For clarity, I still have the spindle configured to use enable / direction / PWM pins but these are not connected. I read the spindle state in daemon.g and send the relevant Modbus requests to start it and control the speed.

I've had a 2 second comms timeout set on the VFD so if there's no Modbus status check within 2 seconds the VFD will stop automatically.

There's a lot of functionality I could add to this to e-stop / pause / whatever if the VFD reports the spindle stopped or at high load or is completely unresponsive, but for the moment I'm pretty happy with the behaviour.

NineMile

So I've been thinking about how spindle control could be integrated directly into RRF in a manner that wouldn't require a HAL to be written in C++ for each type of VFD, and the approach that seems to make sense thus far is to implement a modbus device type that can be assigned to an address on a configured aux port, and then assigned to a spindle of type modbus.

The modbus device type stores a limited number of read and write commands - reads are run on a configurable interval and populate data into the object model, one or more write commands can be configured to act as the actions to take to run a spindle forward, in reverse or to stop it.
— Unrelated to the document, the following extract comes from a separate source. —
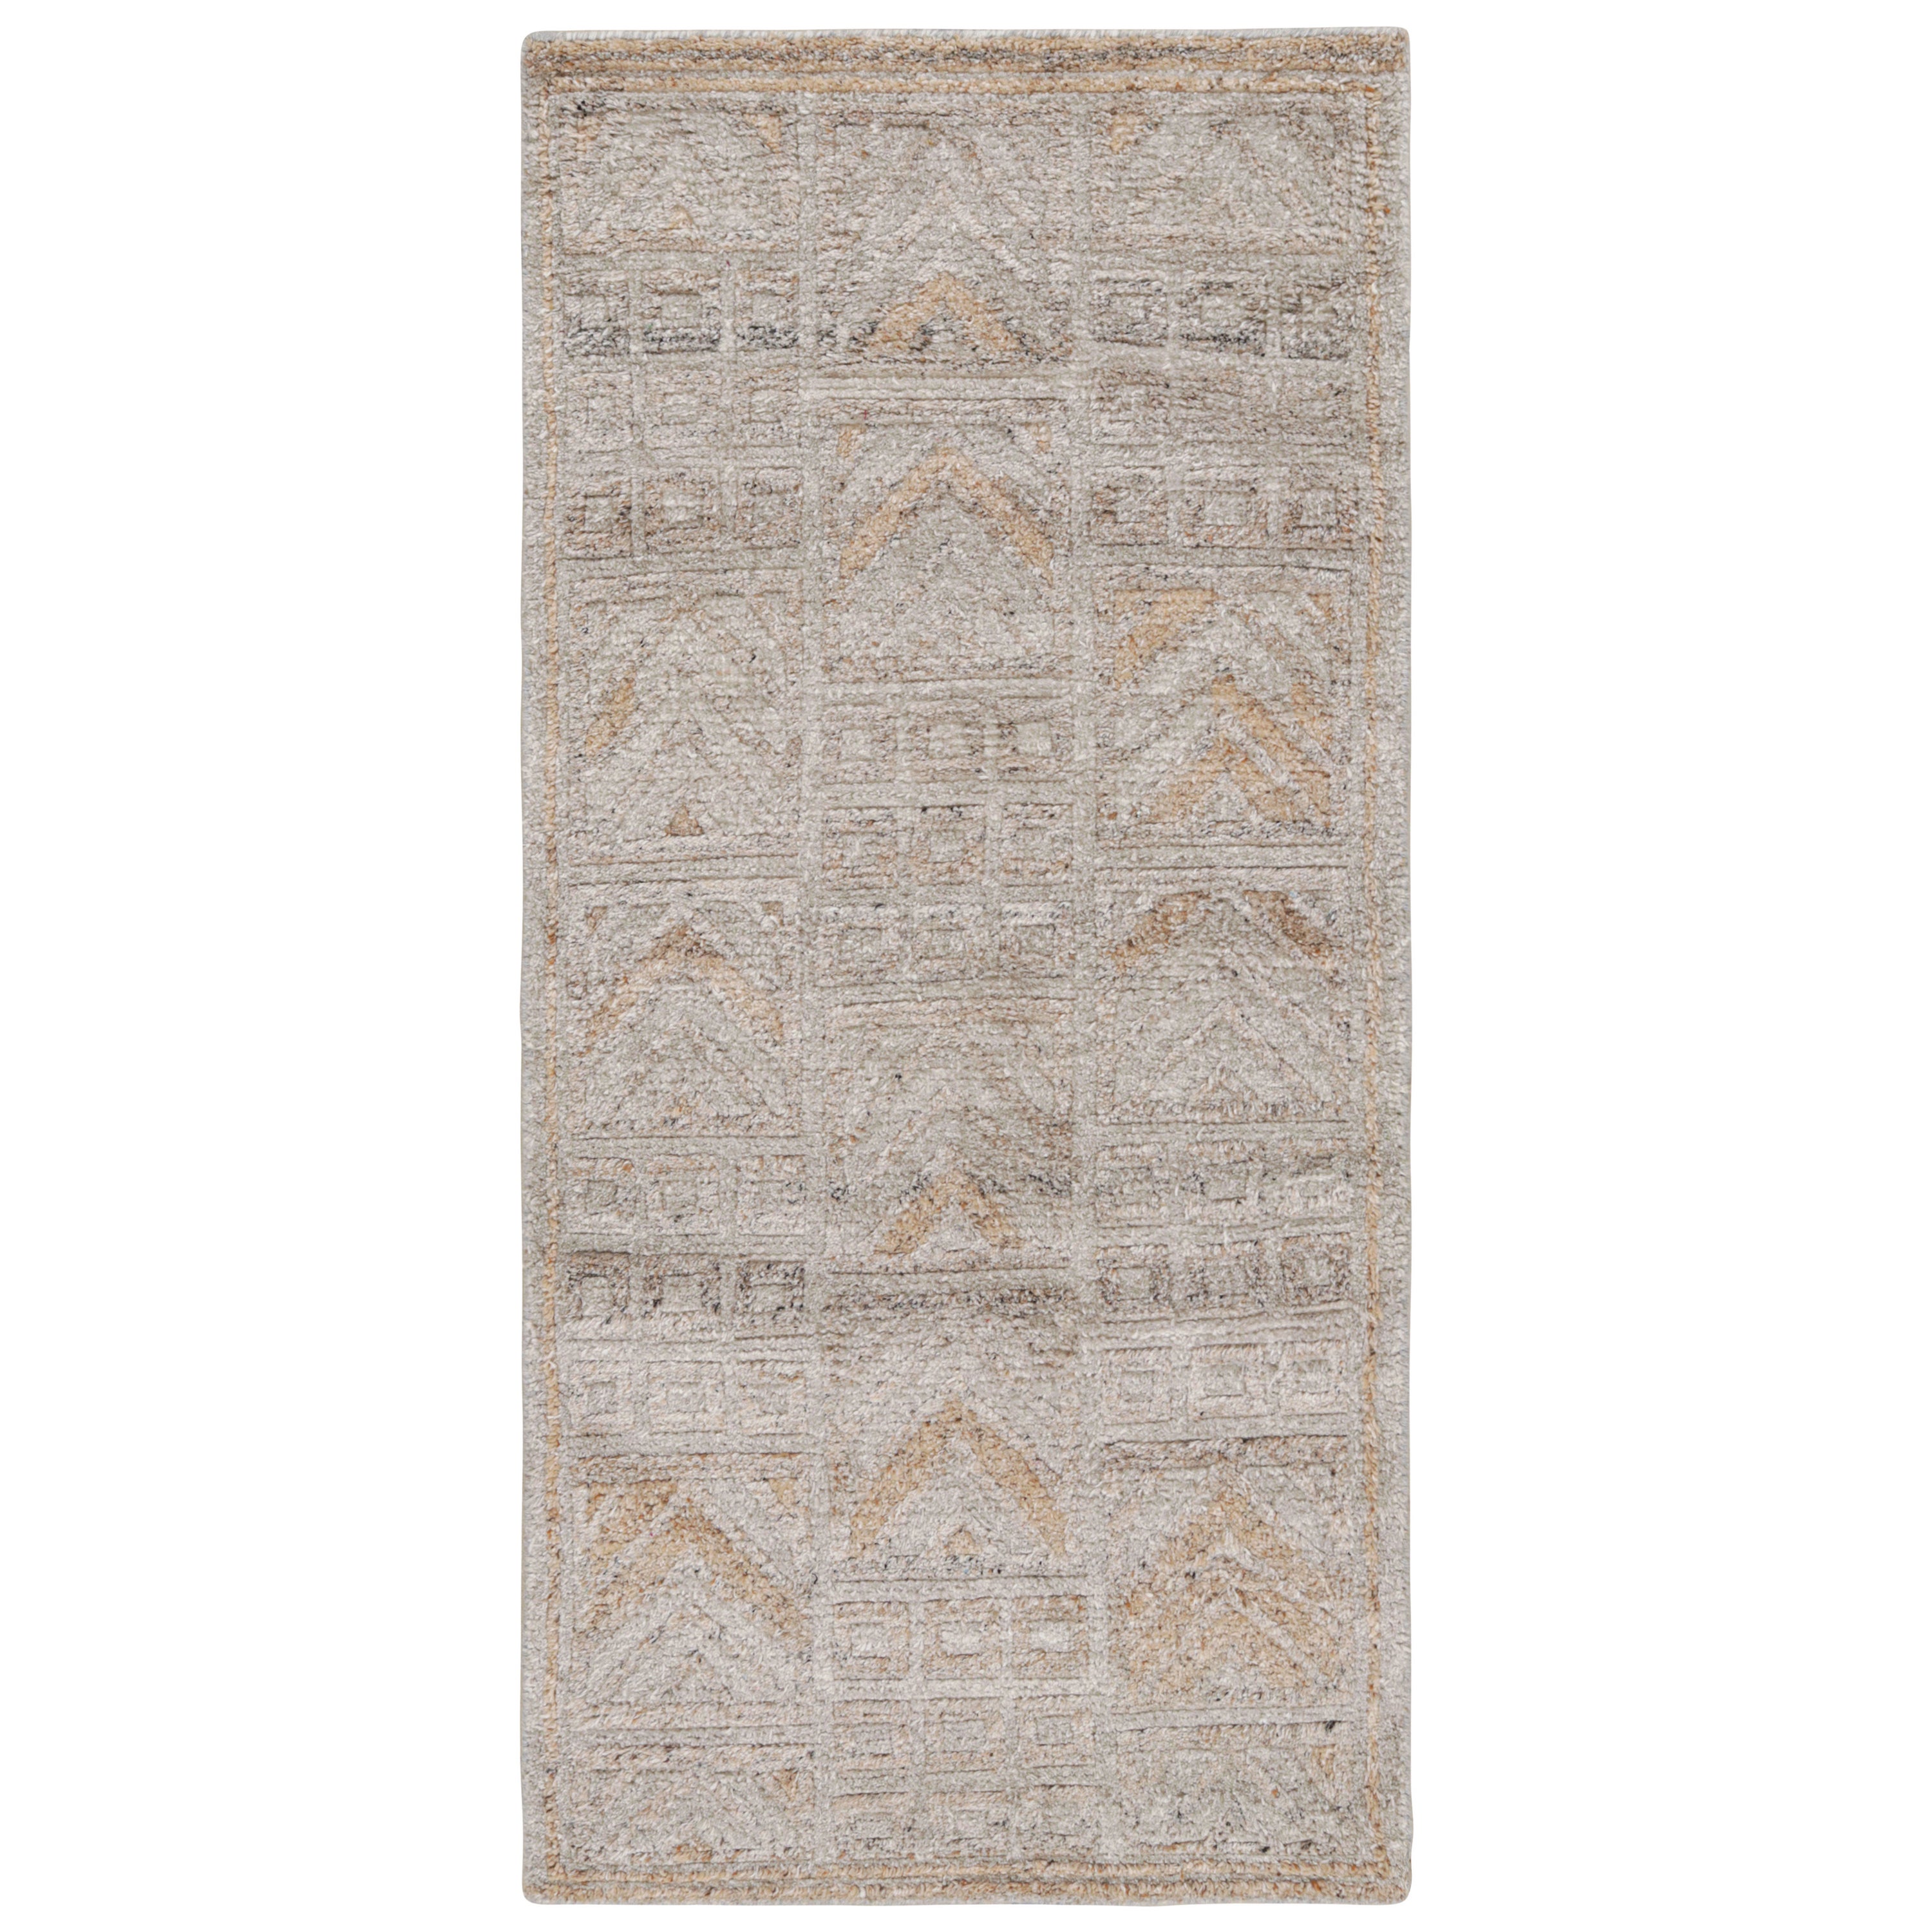 Rug & Kilim’s Outdoor Scandinavian Style Runner in Gray with Geometric Patterns For Sale

It would also be possible to run stored commands manually (think of like how M261.1 currently works but rather than specifying all the details you just pick the command number to run).
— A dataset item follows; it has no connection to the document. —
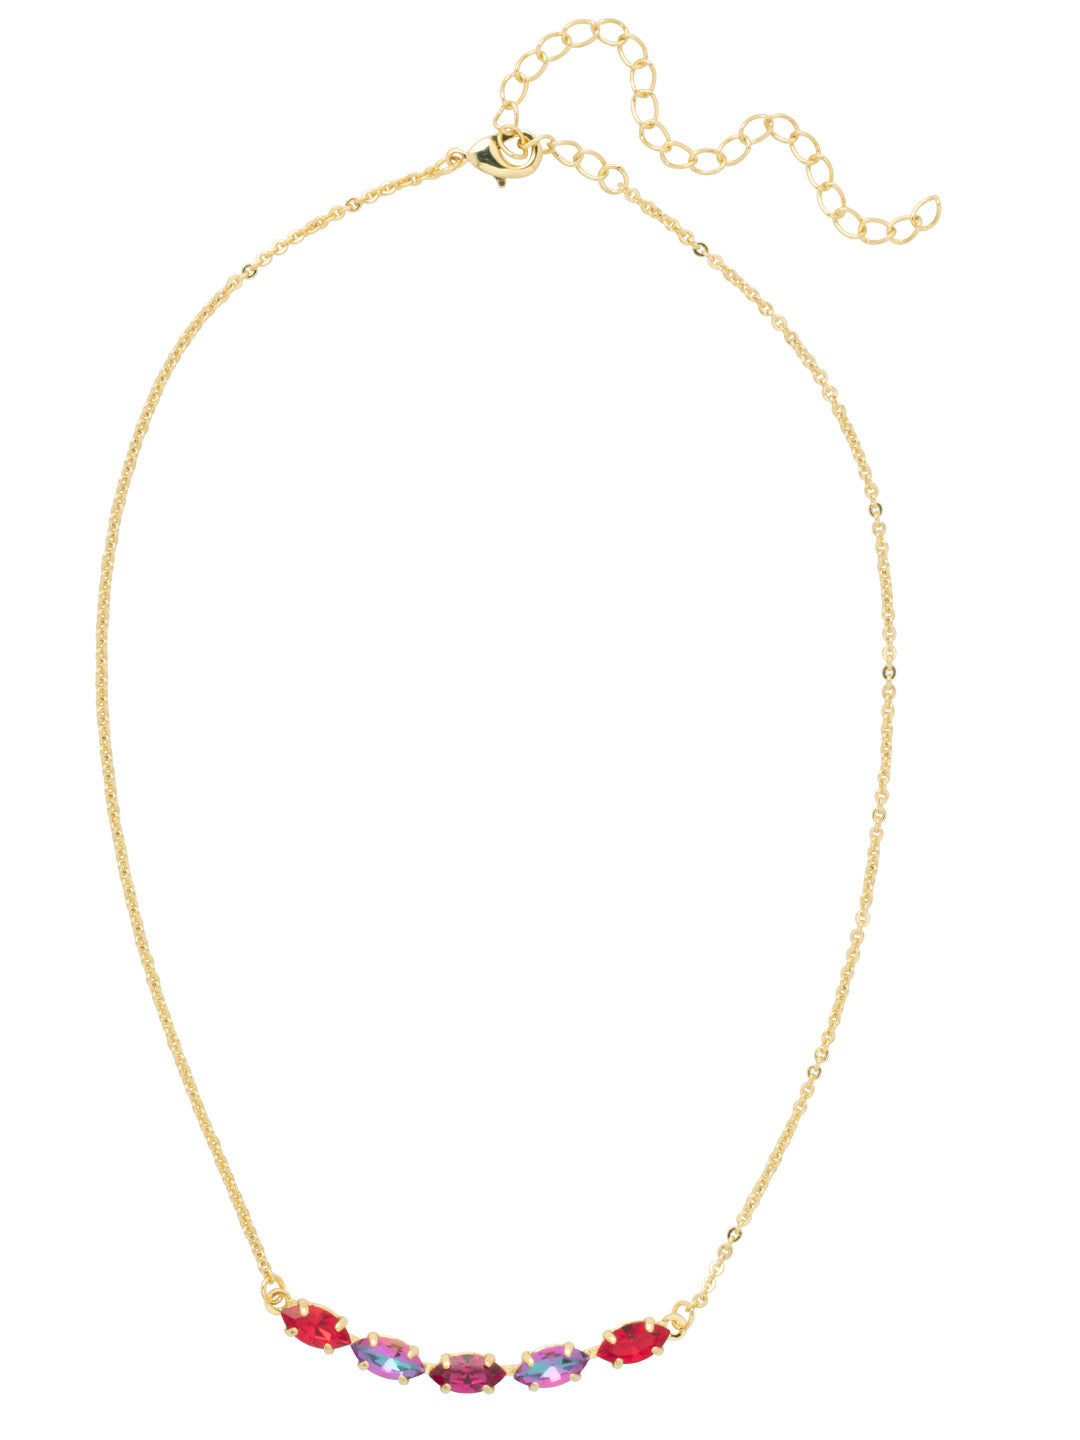 Product Image: Clarissa Repeating Tennis Necklace

The nice thing about abstracting the modbus device out is that it could also work to monitor and manage non VFD devices using stored commands.

; Configure Aux 1 to Modbus / UART
M575 P1 B57600 S7

; Create Modbus device 2 at station 80 on Aux 1,
; waiting a minimum of 10ms between requests.
; Some modbus devices have defined processing
; delays between requests that should not be violated
M610 P1 I2 A80 D10

; Assign read commands to device 2. Maximum of 5?
; NOTE: Commands are all named, this is purely for
; readability purposes in the object model.

; Read 5, 16 bit registers from 0x1001 every 500ms.
; These values would be available in the object model.
; P0 is the command index that can be used later
; to refer to this command.
M611.1 I2 P0 S"spindleState" R4097 B5 D500

; Read 1, 16 bit register from 0x1003 every 250ms.
; Multiply the value by a factor of 60 to convert
; this to RPM
M611.1 I2 P1 S"spindleSpeed" R4099 B1 D250 F60

; Read 1, 16 bit register from 0x101B every 500ms.
M611.1 I2 P2 S"spindlePower" R4123 B1 D500

...

; Assign write commands to device 2. Maximum of 5?

; Reset
M611.2 I2 P0 S"reset" R4353 B38550

; Run Forward
M611.2 I2 P1 S"runForward" R4097 B2

; Run Reverse
M611.2 I2 P2 S"runReverse" R4097 B4

; Stop
M611.2 I2 P3 S"stop" R4097 B0

; Emergency Stop
M611.2 I2 P4 S"emergencyStop" R4097 B127

; Set RPM
; This command is special as it does not
; define a B-value - the B argument must
; be given if this command is run manually,
; and would be passed from the spindle control
; code.
; The F argument is a scale factor to adjust
; the input value into the right unit for the
; VFD, in this case from RPM to Hz.
M611.2 I2 P5 S"setRPM" R4098 F0.01667

; Create Spindle 0 as a Modbus spindle,
; using device 2.
M950 P0 T2 I2

; At this point the spindle will exist and RRF
; will start polling the Modbus device for each
; of the read registers defined. It will not
; be controllable because no write commands have
; been assigned to the spindle yet.

; F is the command number(s) to run in order
; to start the spindle. Assign write command
; 1 to start the spindle forwards.
; R is the command number(s) to run in order
; to run the spindle in reverse.
; S is the command number(s) to run in order
; to stop the spindle.
; V is the command number(s) to run in order
; to change the speed of the spindle
M611.3 P0 F1 R2 S3 V5

; For a device that need writes to multiple
; registers to start the spindle, you might
; implement them like the below

; Enable
M611.2 I2 P1 S"enableSpindle" R4097 B1

; Stop
M611.2 I2 P2 S"stop" R4097 B0

; Direction field is part of a bitmask,
; bit 1 set indicates run in reverse

; Forward
M611.2 I2 P3 S"setForward" R4098 B0

; Reverse
M611.2 I2 P4 S"setReverse" R4098 B1

; Configure spindle commands
; For forward, run forward and enable
; For reverse, run reverse and enable
; For stop, run stop etc
M611.3 P0 F3:1 R4:1 S2...

I realise this is somewhat complex from a configuration perspective but it means adding support for any modbus-rtu capable device should be doable in configuration only.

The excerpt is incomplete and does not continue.